Das 2009er LTD Race hat lt. Liste auch schon 1099 gekostet und war zudem besser ausgestattet.


----------



## viper-mountainb (2. Dezember 2009)

????


----------



## drexsack (2. Dezember 2009)

Ich glaube das ist noch der erste Post von dem alten LTD Race Thread, kommt mir auf jedenfall sehr bekannt vor.


----------



## viper-mountainb (2. Dezember 2009)

ja ist der Anfang davon!!!


----------



## Zaphod1 (11. Dezember 2009)

wie man auf dem bild oben sieht, ist das 2008-er race immer noch das schönste


----------



## OWL_Biker (23. Dezember 2009)

Das weiße mit diesem giftigen, leuchentendem grün von 2010 ist auch nicht so mein Fall.
Mit blau, oder wie das alte LTD Race, in rot finde ich es dagegen gelungen.

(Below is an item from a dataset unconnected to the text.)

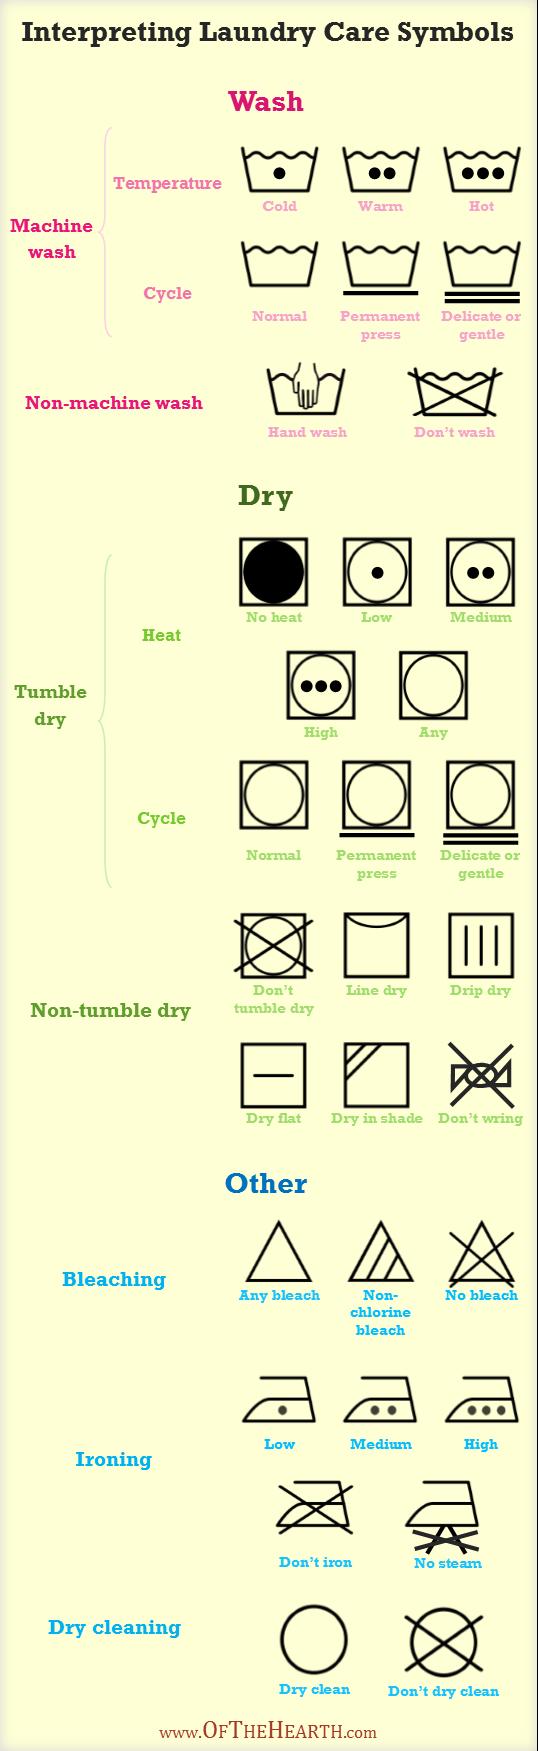 Interpreting Laundry Care Symbols Keeping The Home Pinterest

Naja ich habe mich sowieso für das Schwarze entschieden.
Finde die schwarzen Cube vom Design so einfach aber trotzdem richtig schön...

Noch 5 mal schlafen dann hole ich mein Race ab!


----------



## OWL_Biker (4. Januar 2010)

Hallo Leute,
ich brauche mal eure Hilfe...

Ich bin mir unsicher ob auch mein Vorbau von der Rückrufaktion betroffen ist. Denn es steht nicht Easton EA30 (wie ja auf vielen Fotos zu sehen) dran, sondern nur "Easton" mit Logo.
Außerdem steht bei mir als Nummer F9 (wäre ja Juni 2009 und damit betroffen), auf dem Infoblatt steht allerdings immer erst die Zahl und dann der Bichstabe also "9F" statt wie bei mir "F9".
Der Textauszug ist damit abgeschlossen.